In connection with its “Smart Grid Demonstration Initiative,” the Electric Power Research Institute (EPRI) has made addressing these barriers and risks, which range from technical and economic to institutional and consumer behavioral types of barriers, central to its pilot work.

As EPRI has noted, technically there is a lack of infrastructure and accepted standards and protocols to aggregate and automate reliably distributed energy into our power system. Economically, a business case will need to be made to justify such integration and the design of pricing and incentive structures to motivate sufficient response from distributed resources that are not within the control of utilities.

And institutional barriers will need to be confronted in order to better link wholesale with retail electricity markets and replace organizational and technical “silos” with systems approaches for achieving “end-toend” integration, from wholesale to retail markets and down to end-use.

In facing these daunting barriers, constructive partnerships between utilities, communities and other stakeholders are critical. The lessons, methods and technologies of pilot demonstrations such as UCSD’s will need to be transferred and validated within the dynamic context of our electricity system, as well as within the infrastructure and built-environment of our communities.
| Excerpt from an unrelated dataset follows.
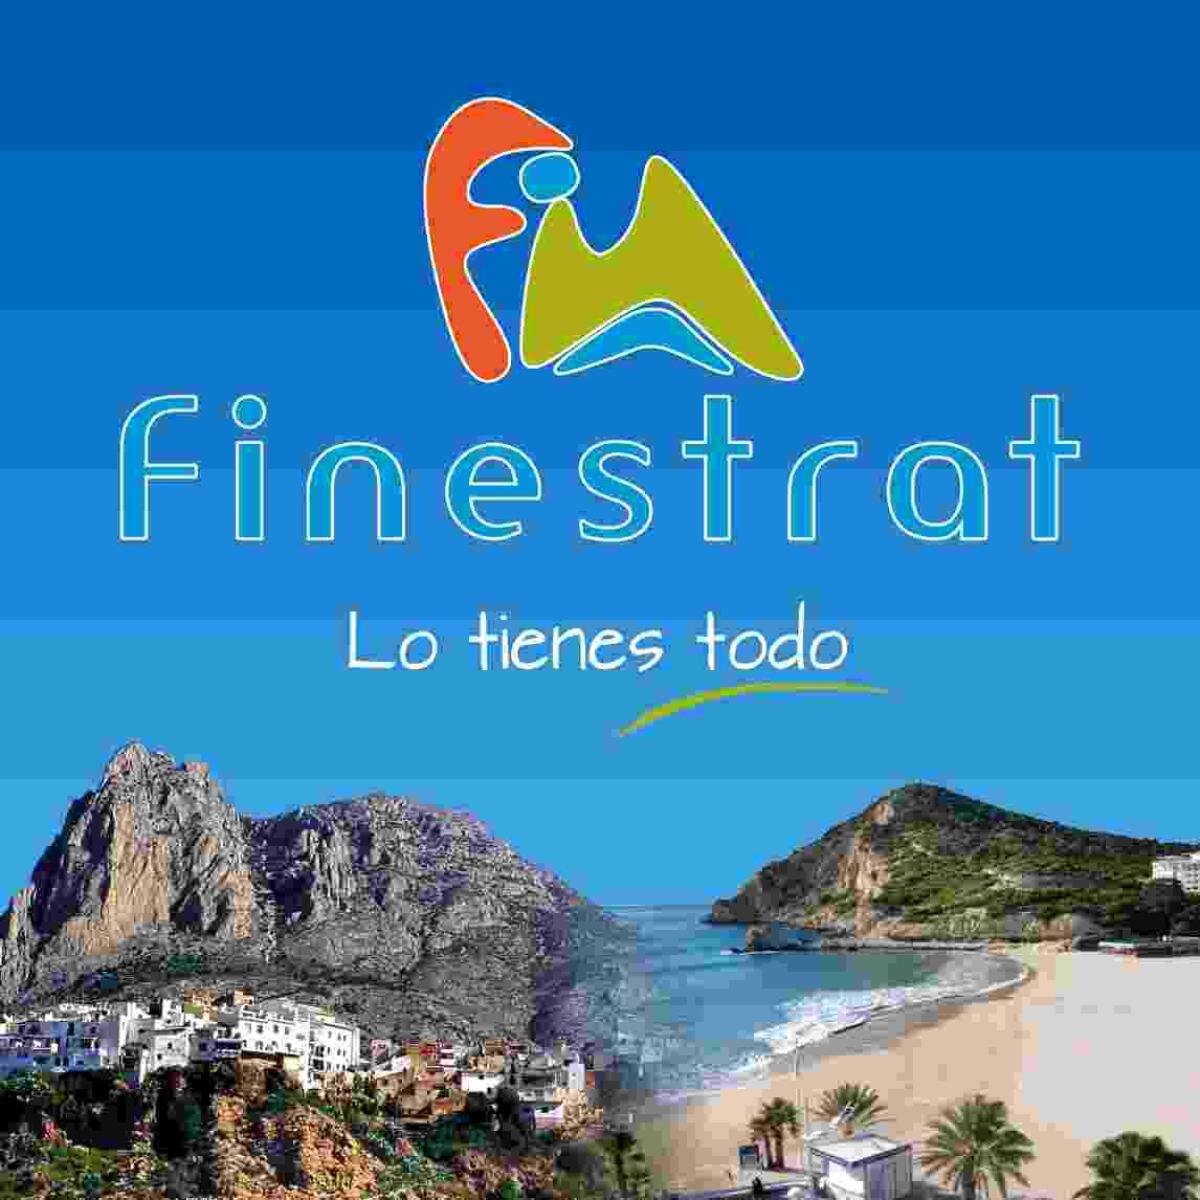 Finestrat estará presente en FITUR con su propuesta turística “Lo tienes todo”

Moreover, the efforts of utilities and local and regional governmental authorities will need to be mutually reinforcing to bring about a shift in how market success is measured, from providing reliable and affordable megawatts to “value creation,” as customer needs are addressed in increasingly efficient, differentiated and intelligent ways.

In terms of developing the market for distributed resources using smart grid technologies, both utilities and local and regional governments will need to work together to leverage their unique positions, within their service areas and jurisdictions respectively, to educate consumers about the potential benefits of a smart grid, grow consumer acceptance and new relationships, and stimulate active participation with respect to expanding choices.
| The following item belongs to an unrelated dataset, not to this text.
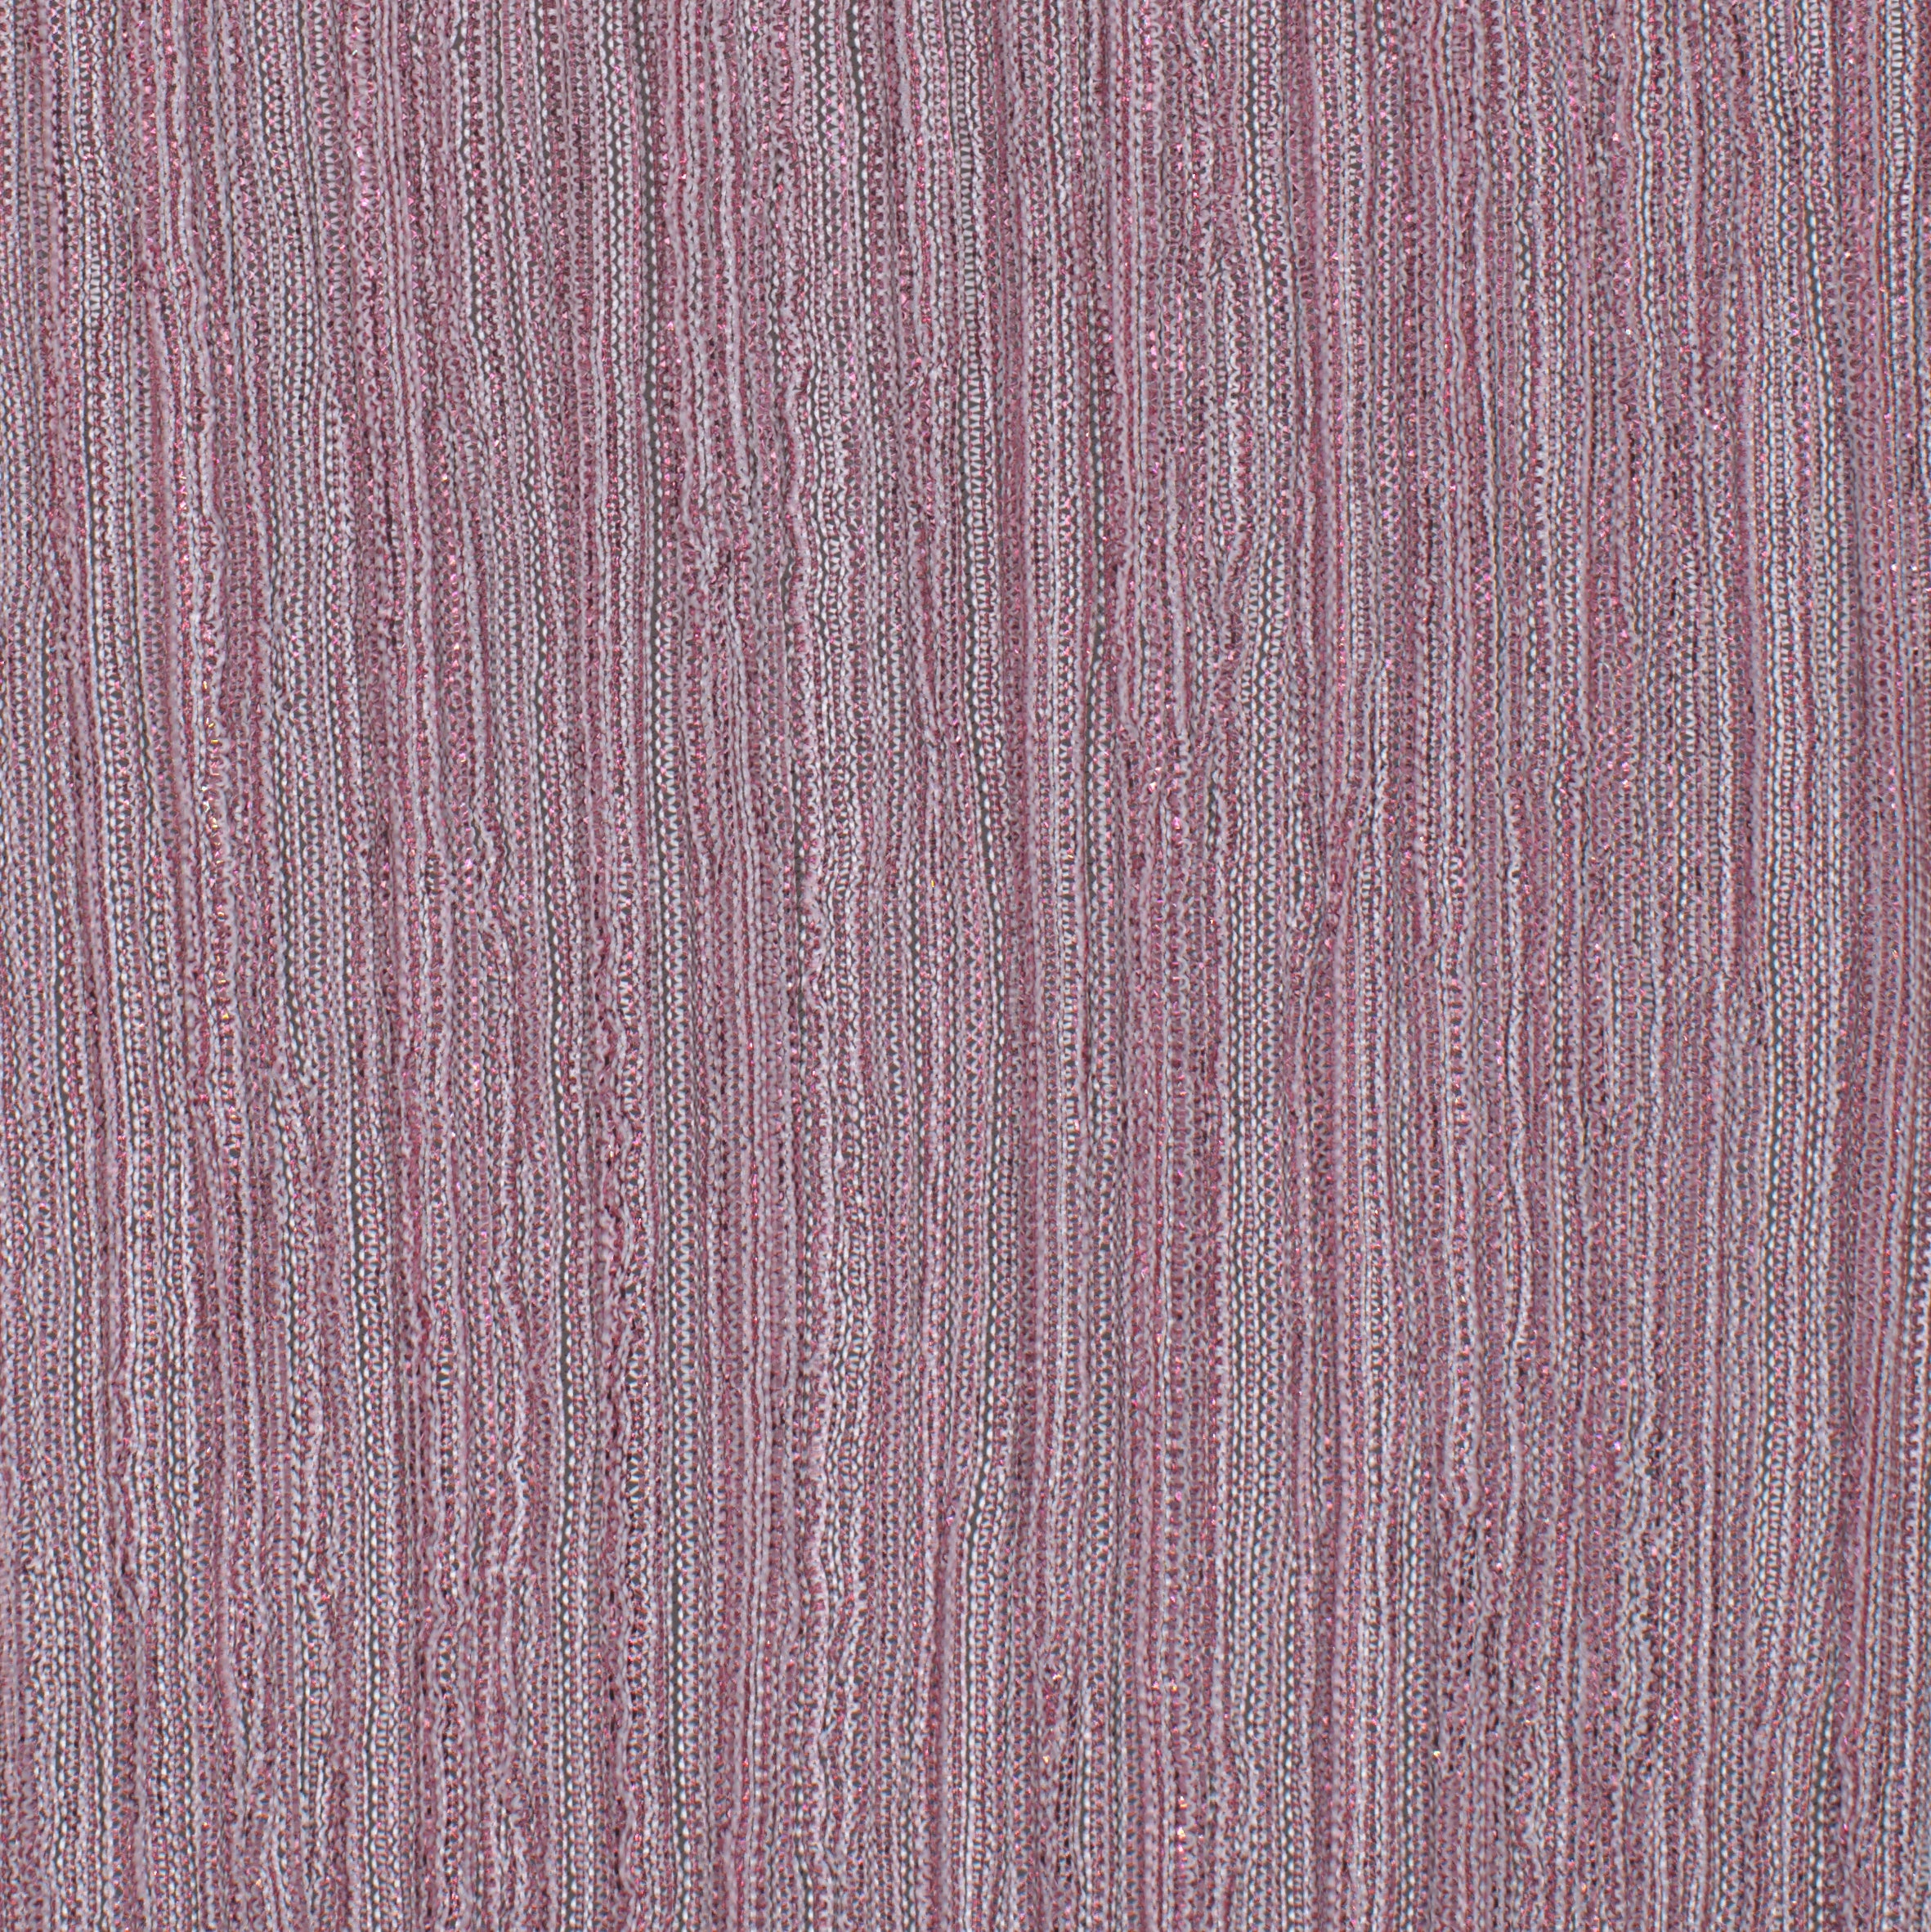 12006-16 Rose Pink Pink Metallic Pleat Plain Dyed Blend 126g/yd 56&quot; blend knit metallic pink plain dyed pleat ppl new Metallic, Pleat - knit fabric - woven fabric - fabric company - fabric wholesale - fabric b2b - fabric factory - high quality fabric - hong kong fabric - fabric hk - acetate fabric - cotton fabric - linen fabric - metallic fabric - nylon fabric - polyester fabric - spandex fabric - chun wing hing - cwh hk - fabric worldwide ship - 針織布 - 梳織布 - 布料公司- 布料批發 - 香港布料 - 秦榮興

To achieve the economic, reliability and environmental objectives of a smart grid “eco-system,” utilities and communities will need to interact with stakeholders in new ways to design and implement innovative and cross-cutting programs for capturing greater energy efficiency, sustainability and carbon emissions reductions. This will require the understanding of one another’s planning and decision-making processes and using new tools and methods for evaluating the cost-effectiveness of alternative options.
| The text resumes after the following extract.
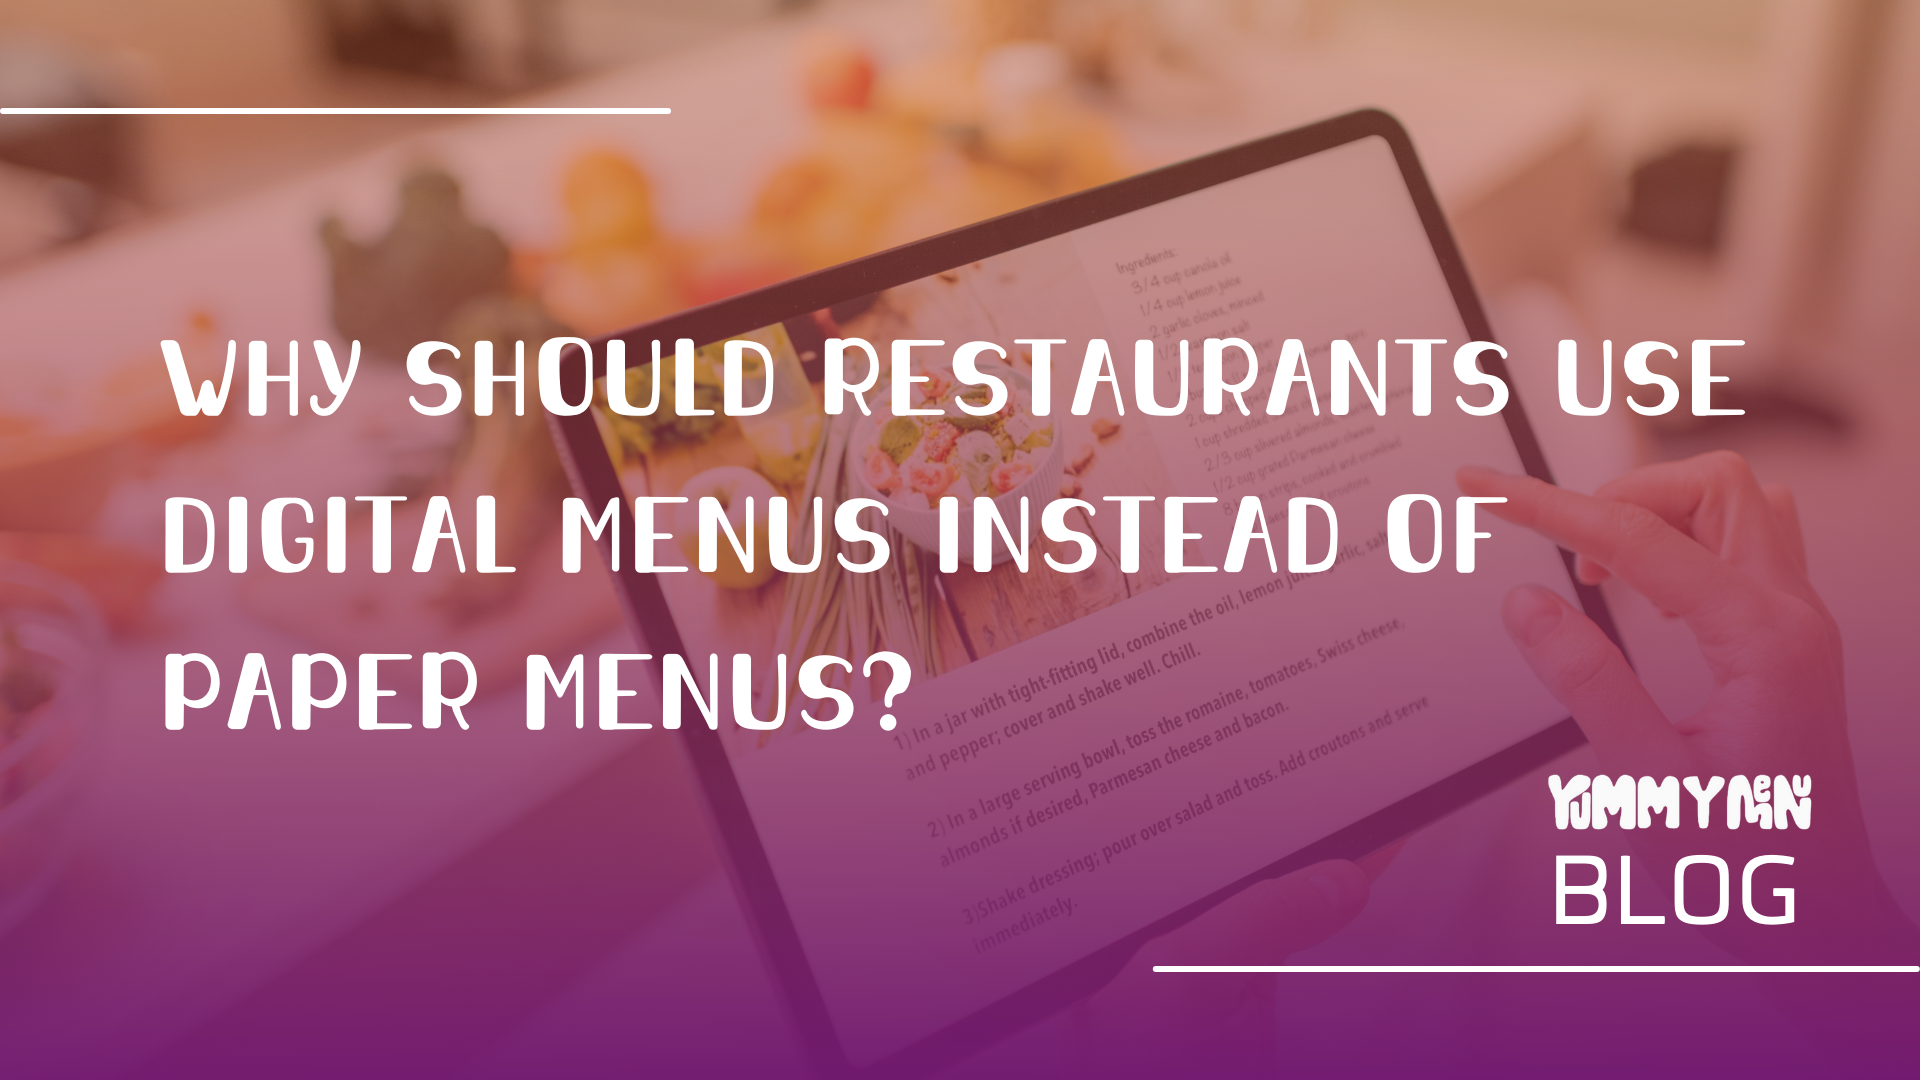 Warum sollten Restaurants digitale Speisekarten anstelle von Papierkarten verwenden?

Understanding and using smart grid technologies can facilitate the design of more energy and resource efficient communities and contribute to transforming local infrastructure.

However, this will require integrated planning that involves utilities, municipalities and all relevant stakeholders. This integrated planning will use “energy” as a means to assess how different sectors interact (electric, gas, water, transportation, and the built environment) in order to evaluate how energy performance and environmental quality could be substantially improved within a smart grid eco-system.

In this regard, utilities can offer critical decision support tools and methods for incorporating energy supply and demand and infrastructure analyses of alternative sustainability and resource development options into existing regional housing, land-use, water supply and wastewater, transportation, waste recycling and reuse and other municipal decisionmaking

Larisa Dobriansky is a member of the National Energy Center for Sustainable Communities and director of the Global Energy Network. Previously, she was deputy assistant secretary of energy for national energy policy at the U.S. Department of Energy.